To do: Leave the pictures out and quote only the lines from the one with "John Lewis Glen" down to the end of the listing below.

___ Given information

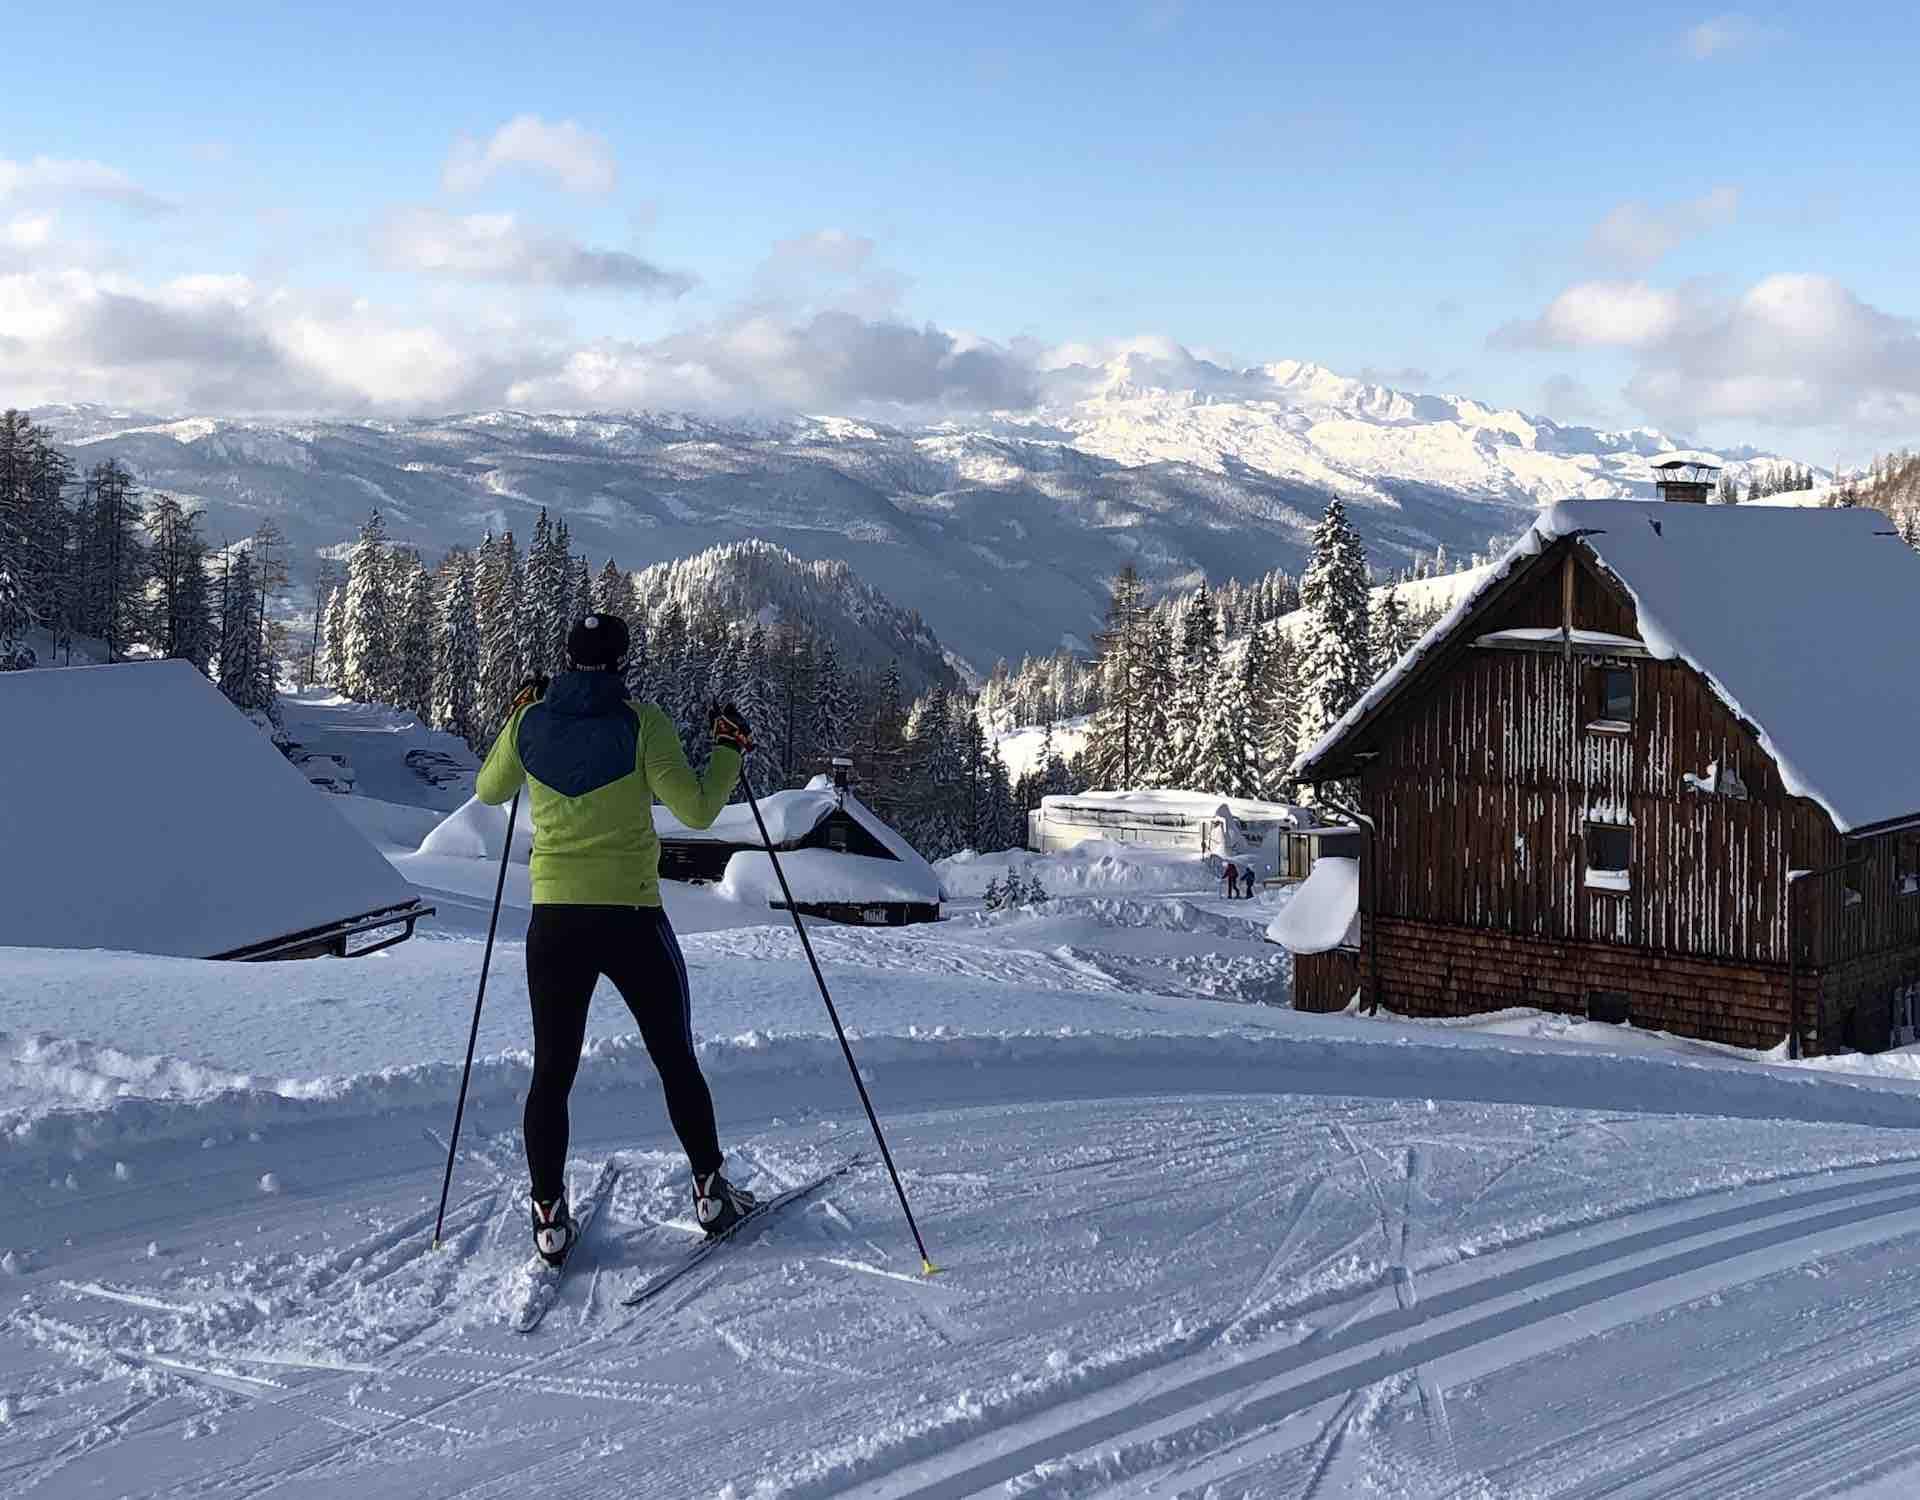 Langlaufen lernen tipps Nordic Academy Hasi mit tollen Ausblicken
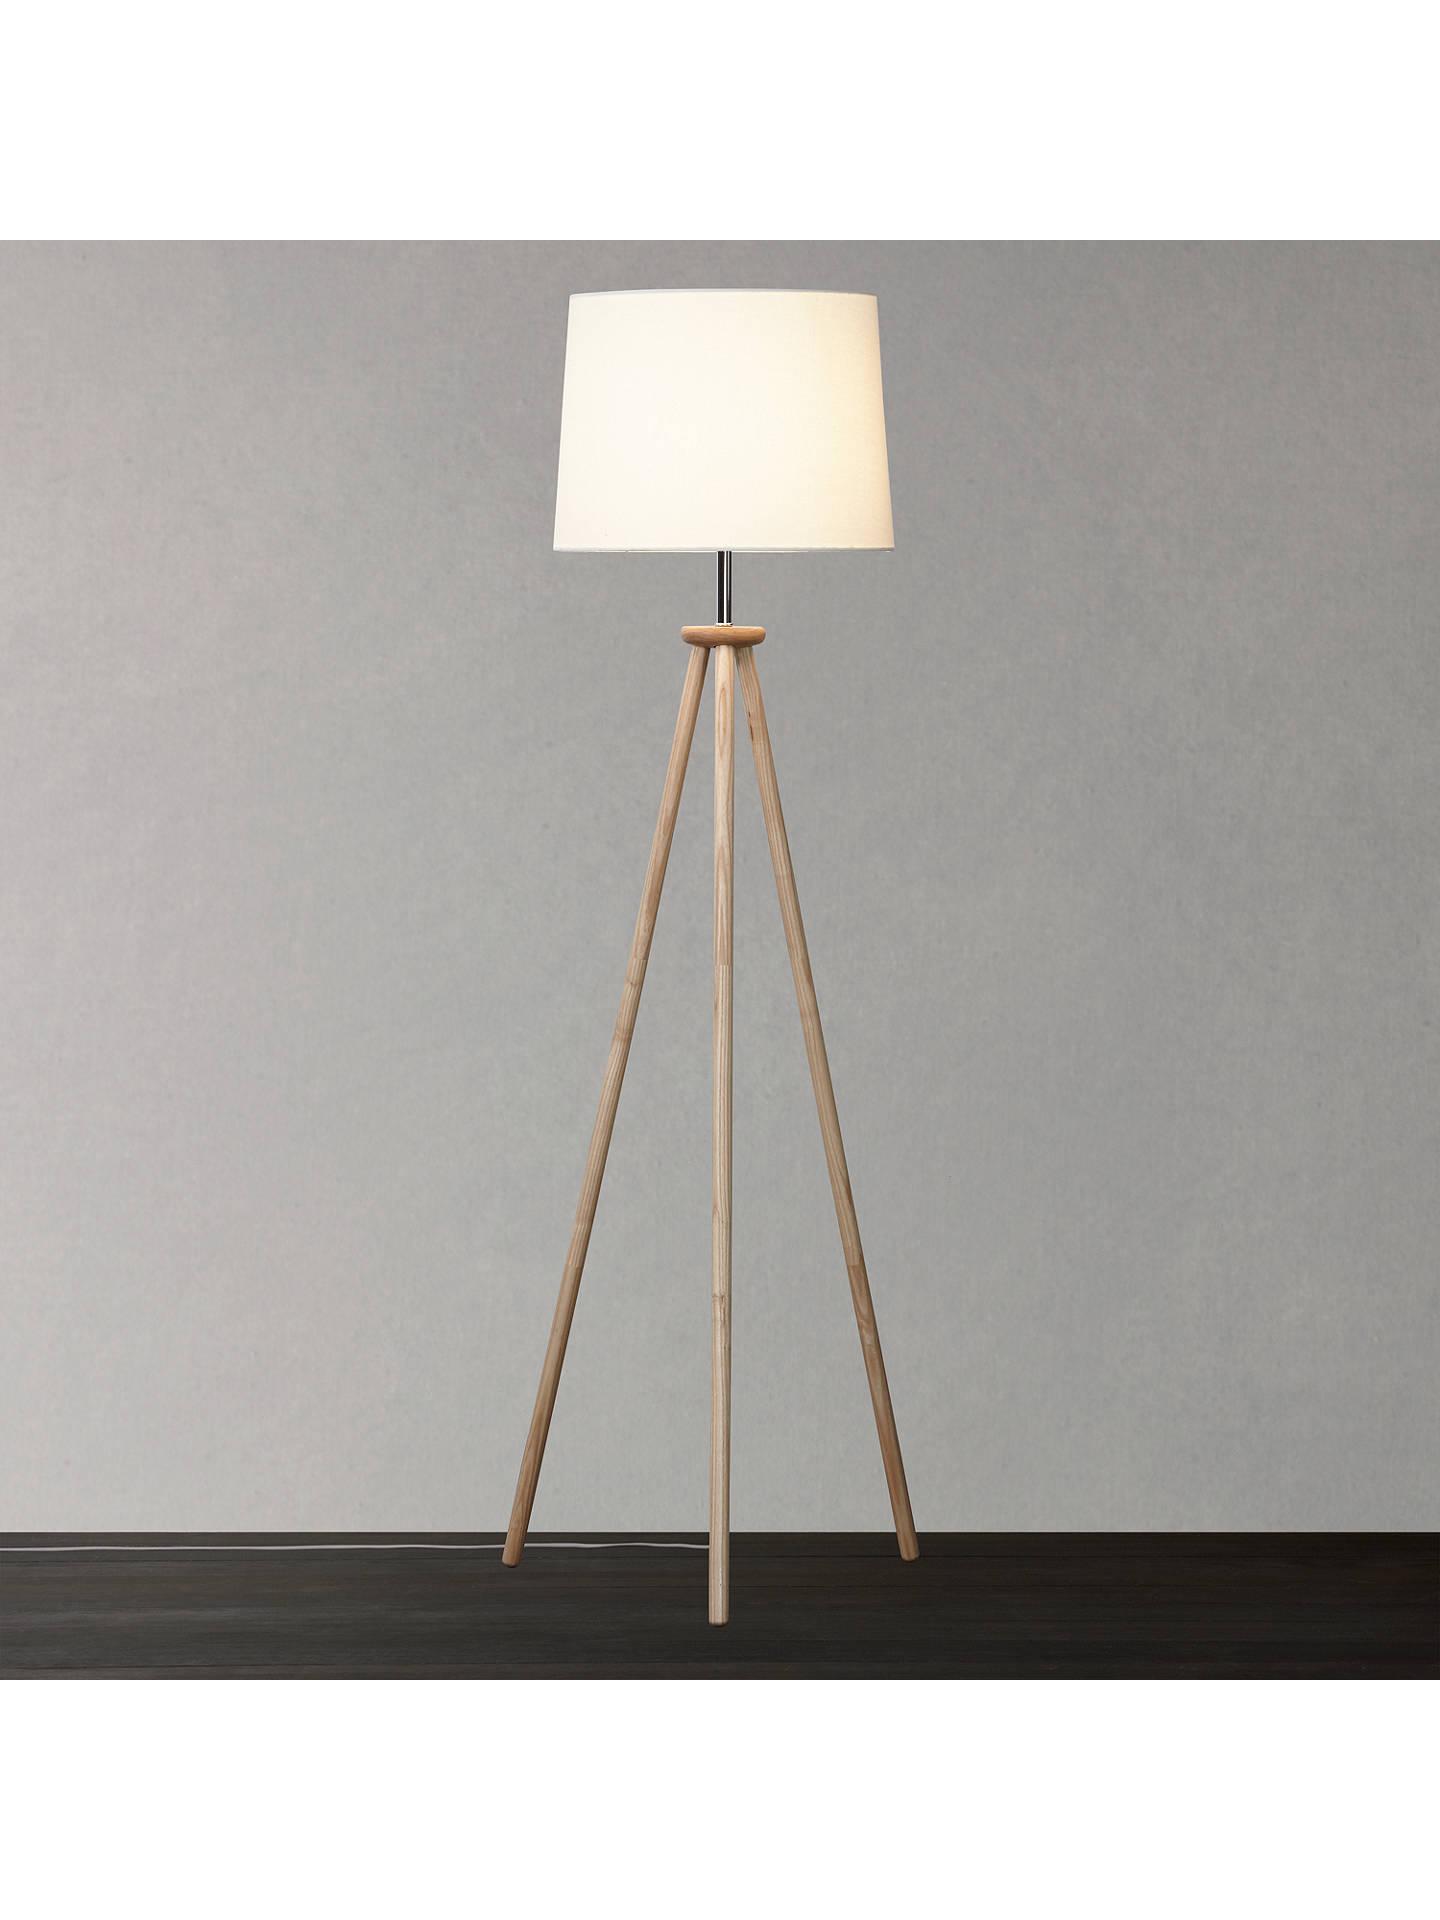 John Lewis Glen Tripod Floor Lamp, Ash at John Lewis & Partners
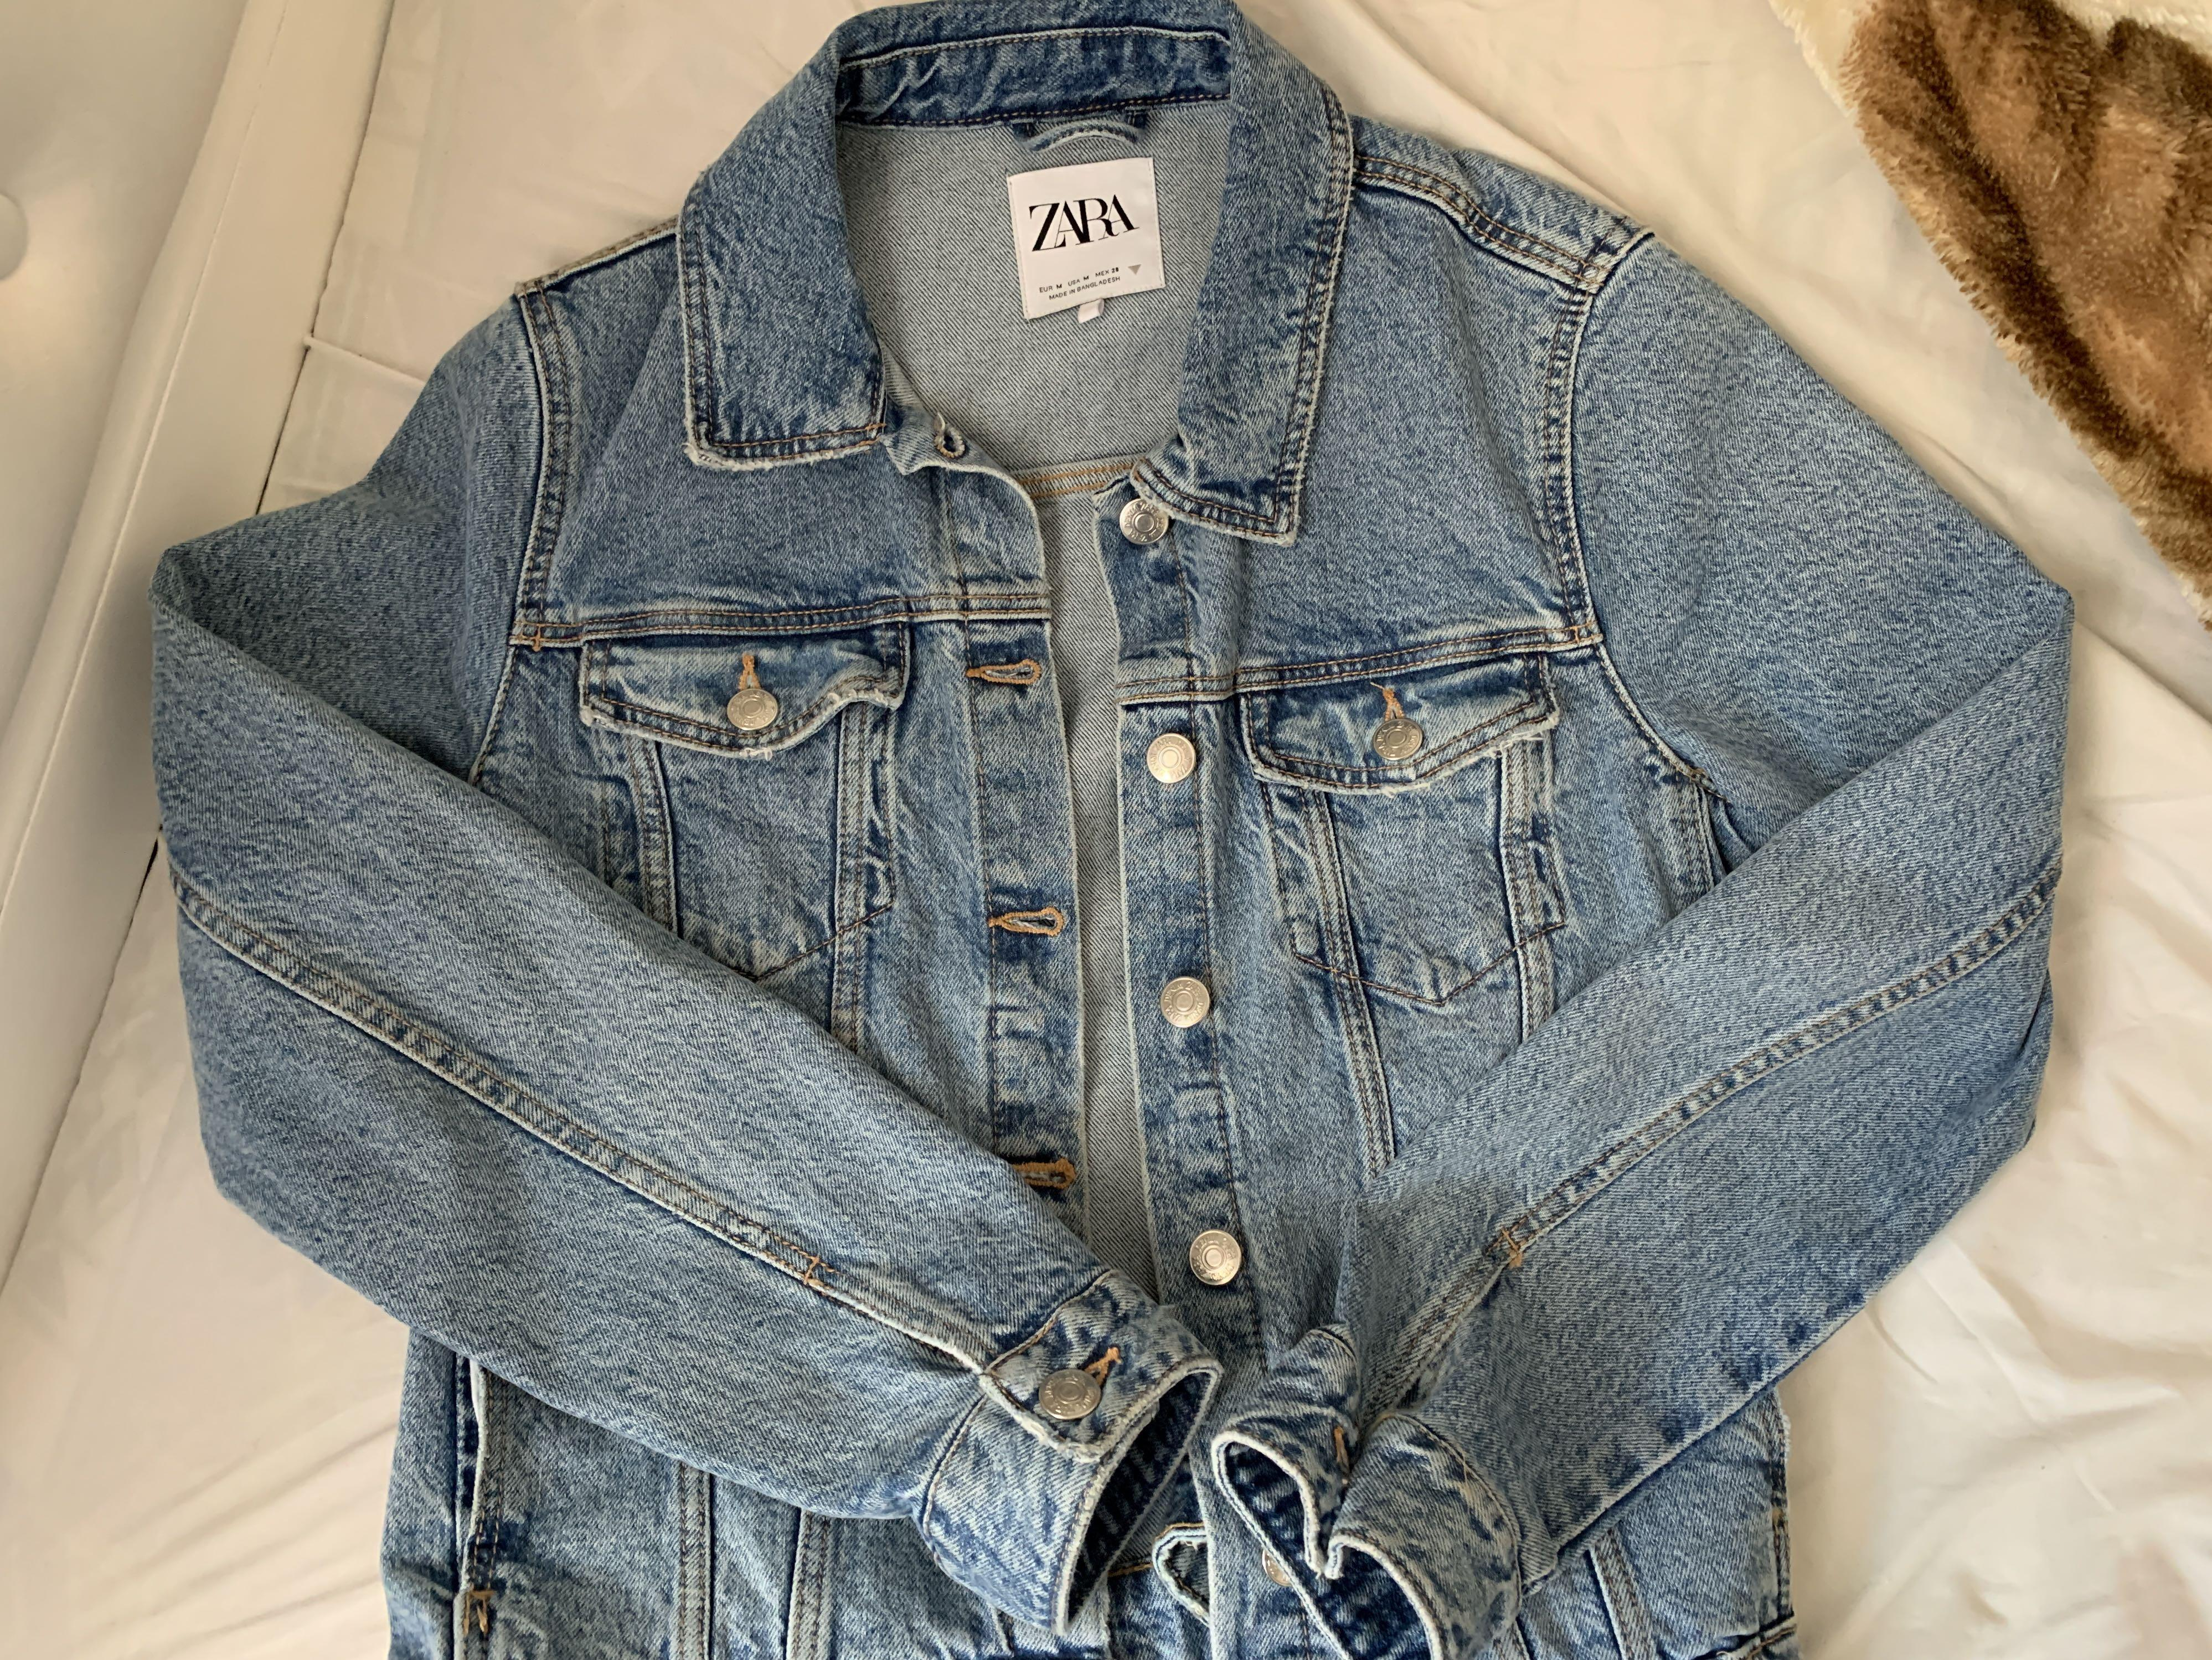 Zara jean jacket size M

______

Task result:
 John Lewis Glen Tripod Floor Lamp, Ash at John Lewis & Partners
 Zara jean jacket size M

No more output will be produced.